The 1881 census is available via the above link - a search facility will be added soon. Although most dwellings are not separately identified, the Census appears to have been conducted from Harpley Dams in the east, along Abbey Road and Church Lane, to Appleton House in the far west.

The oldest resident was Lydia Bridges - apparently aged 105 years!

Martin Rippegill (69 yrs) and wife Mary kept the New Inn while widow Frances Bridges (53 yrs) was landlady at the Bell, where she lived with her brother John, a "brazier and tinman". The Patrick family were the village butchers (they slaughtered animals on their Church Lane premises)

Farmers directly employed a total of 114 hands:

Dam Farm: Elizabeth Betts (27 yrs) is shown as Head person of an all female household with her sister Caroline (17 yrs) of 1100 acres employing 20 men and 6 boys - though father may simply have been absent on census night.

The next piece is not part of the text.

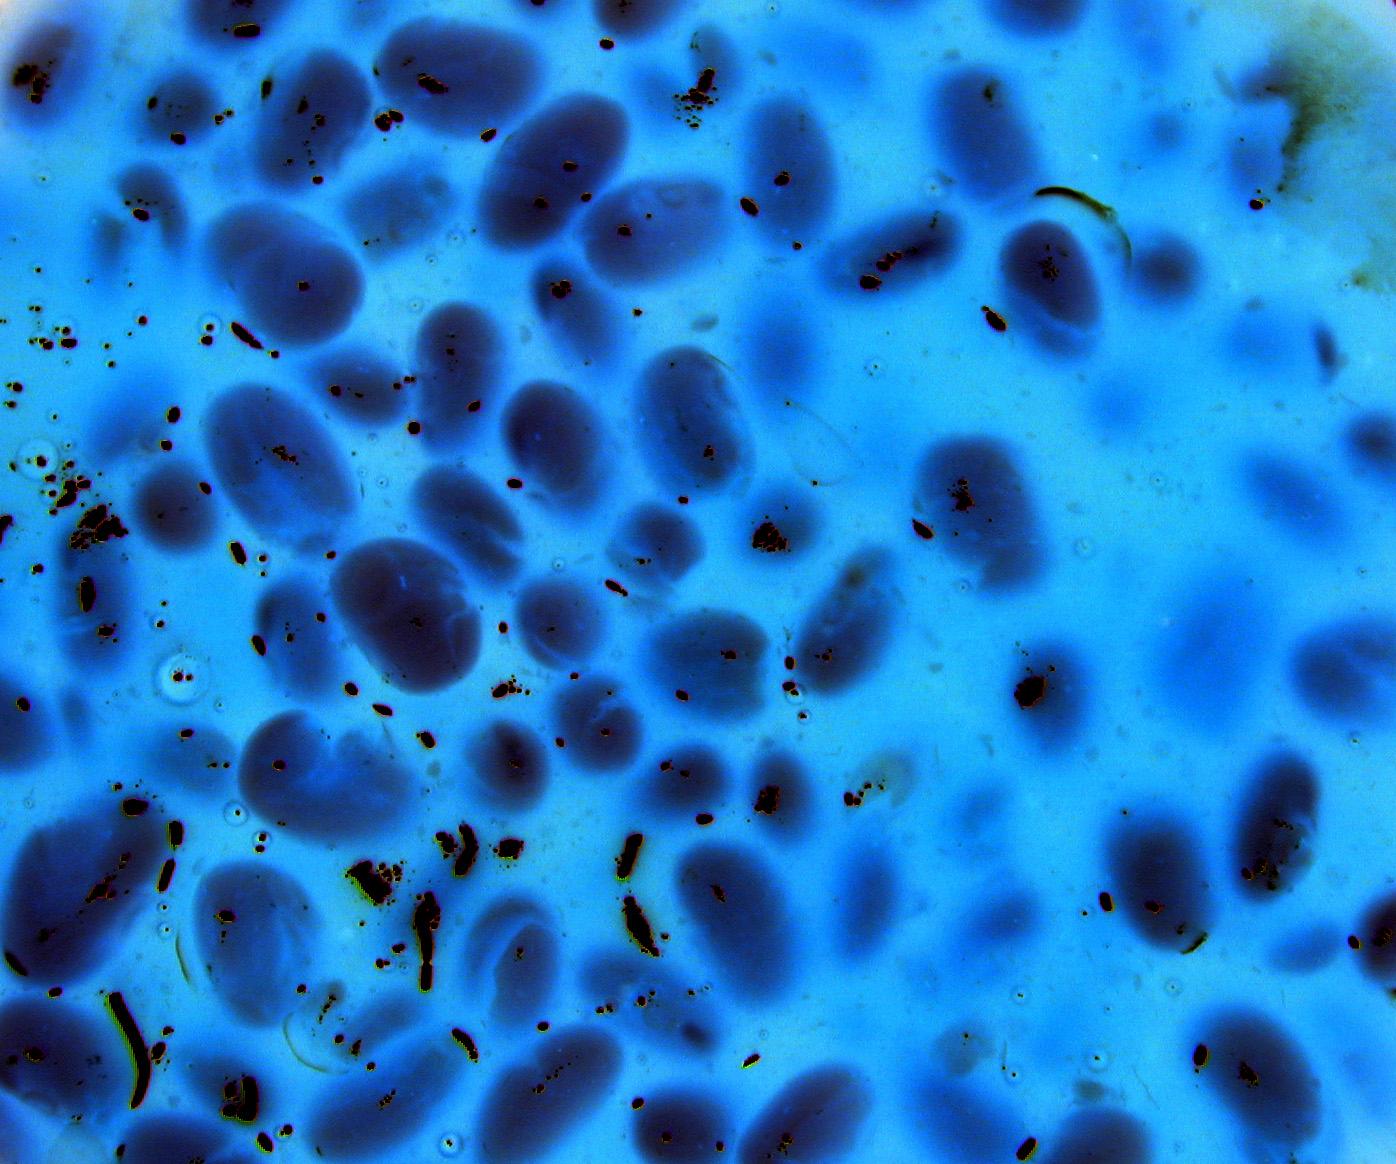 Magnification of a blue cell culture
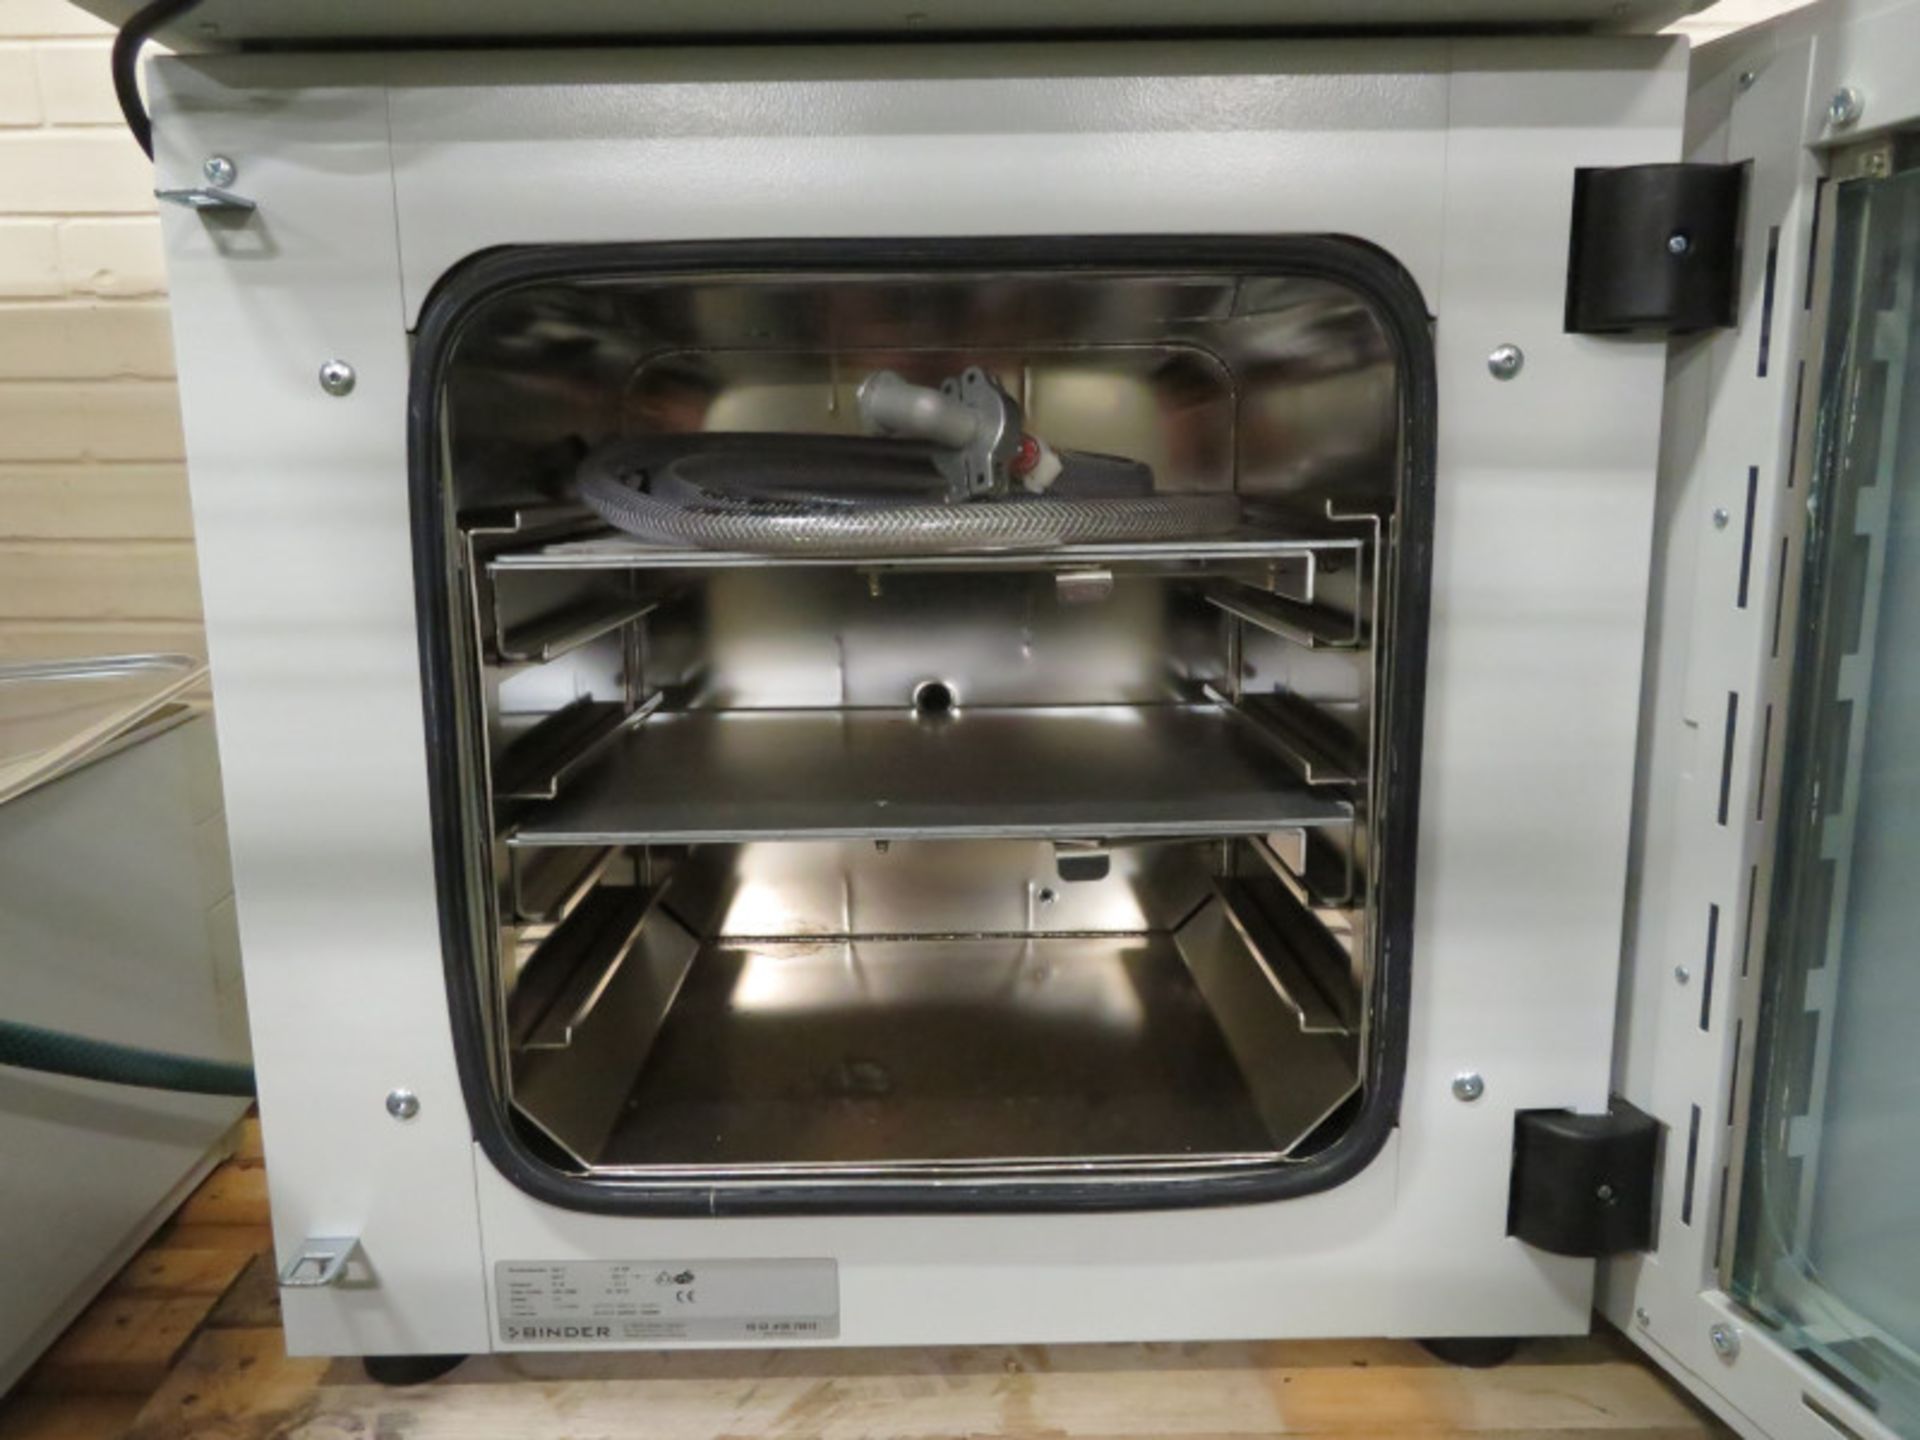 Binder Lab Oven L640 x W600 x H750mm - Image 3 of 5

Abbey Farm: Frederick Cooke (38 yrs) farmed 1300 acres employing 29 men and 4 boys.

Hall Farm: George Brereton (52 yrs) had 873 acres employing 21 men and 6 boys

Appleton Hall: Charles Blyth (40 yrs) managed 870 acres with 21 men and 7 boys.

There also appears to have been a resident police officer (Walter Seeley); postmaster (Henry Creamer) and a master wheelwright (Flitcham born Henry Billing) employing 10 men while John Layland (29 yrs) and his wife Emma (27 yrs) were school master and mistress.